Yousaf plans to halve the time taken for onshore wind projects to gain consent. And a ban on single-use vapes, which are especially popular among children, will be examined. 

But on education, there was nothing new. On the NHS, there was a promise to cut waiting times but no indication of how that might be achieved, and no hint of the long-term reforms that are so badly needed. Long-term rent controls were promised, despite evidence that what was introduced as a temporary measure is seriously damaging the rental market. Did the ambition of the programme really live up to the scale of the battles we face?

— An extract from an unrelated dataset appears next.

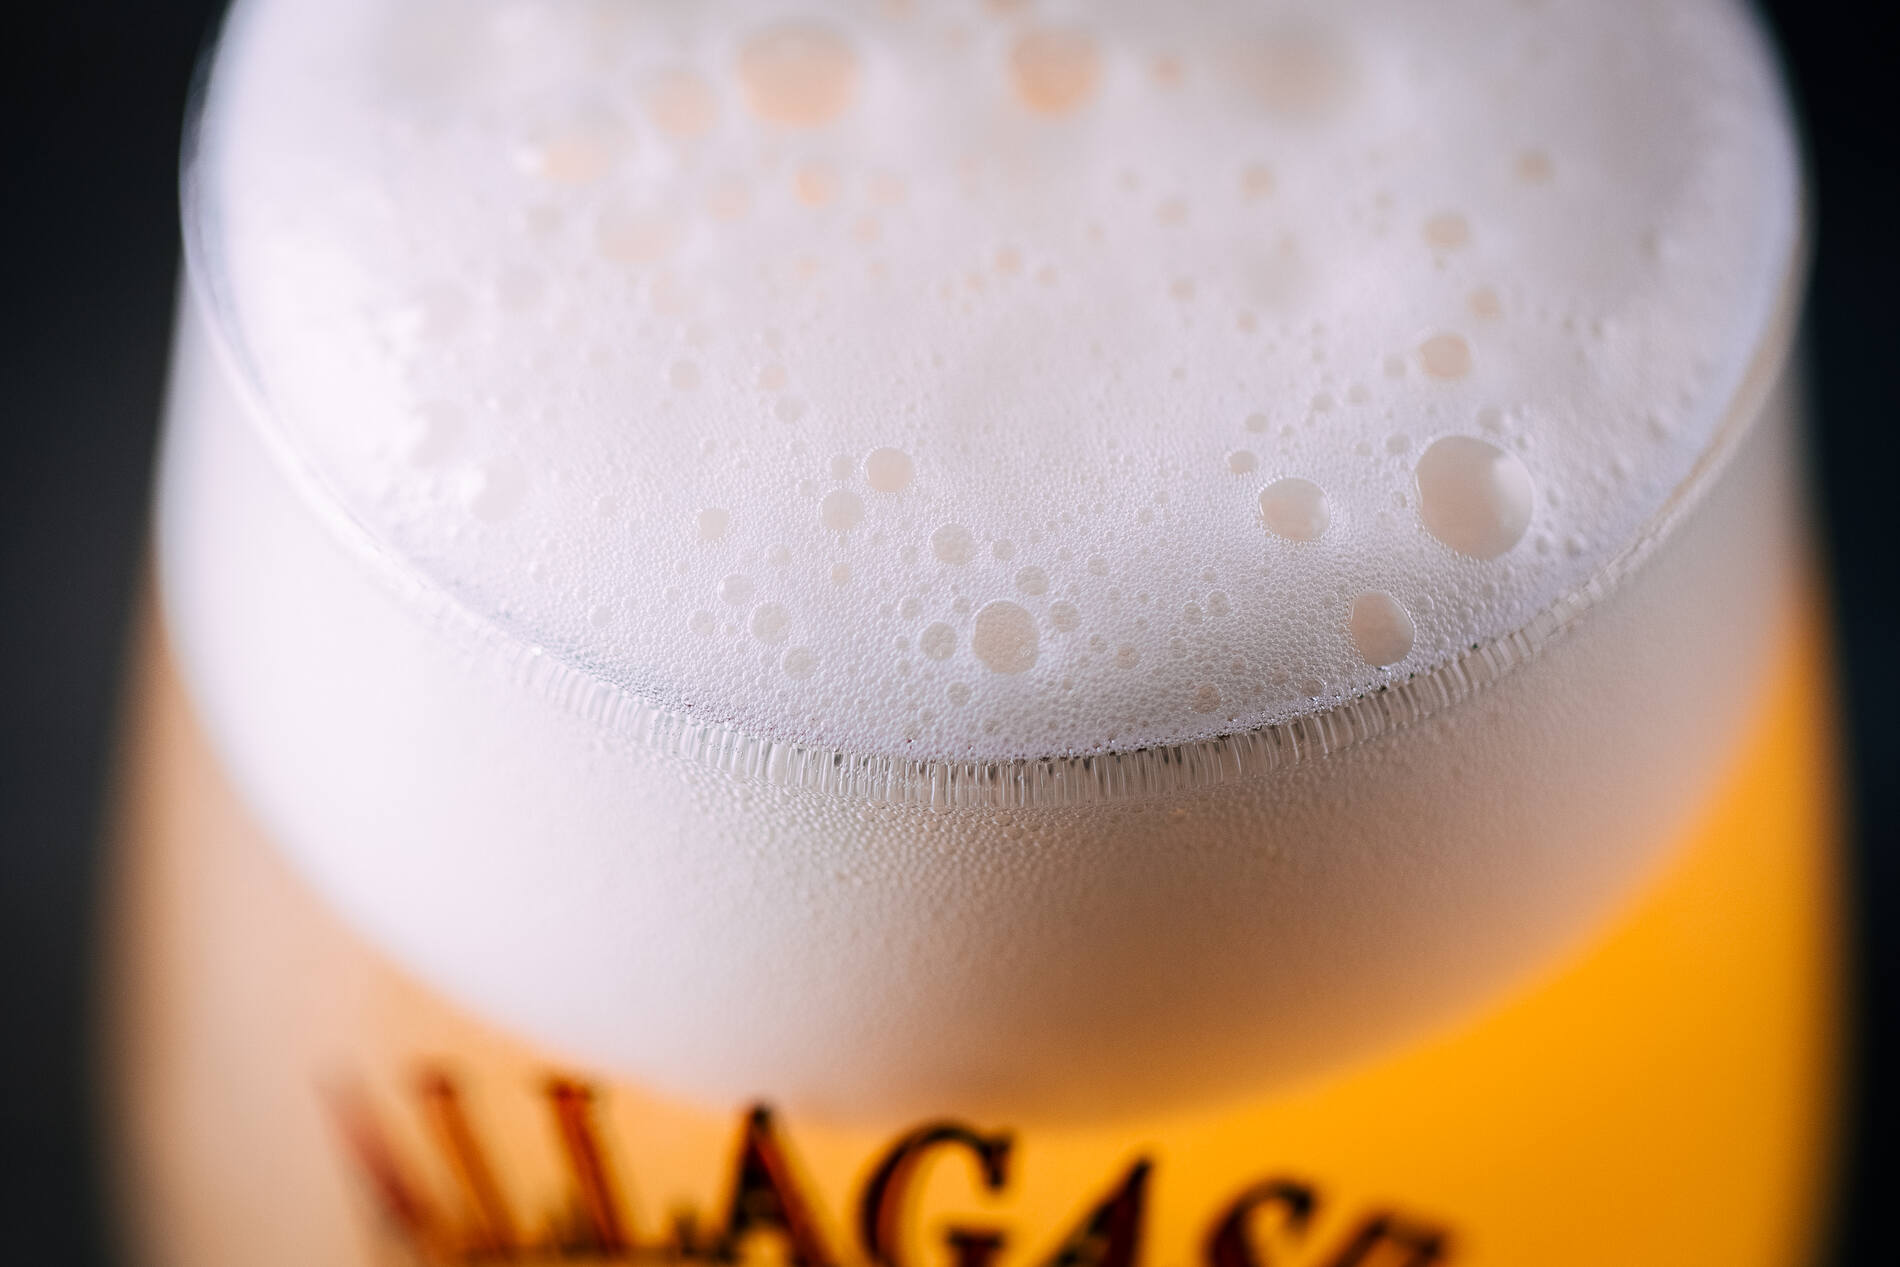 Flip, Swirl, Sip – How to pour a perfect Allagash White

Intriguingly, though the First Minister talked a great deal about reducing inequality for women and disabled people, there was no mention of the battle over trans rights that caused so much trouble for Sturgeon, or any indication that his government would return to the issue in the coming year. And on the constitution there was pleasingly no empty promise of an independence referendum next week or next month or next year.

But even where Yousaf has promised action, such has been the poor delivery record of the government, especially in recent years, that there must be doubts it will follow through. And there was, undeniably, an awful lot of hand-waving mañana in the statement.

With the SNP falling in the polls and in all sorts of bother, the electorate is waiting for Yousaf to prove he has the right stuff to be a national leader. They are looking, in the main, for signs of cutting edge and intellectual heft. After this anaemic, underwhelming Programme for Government, most will still be looking.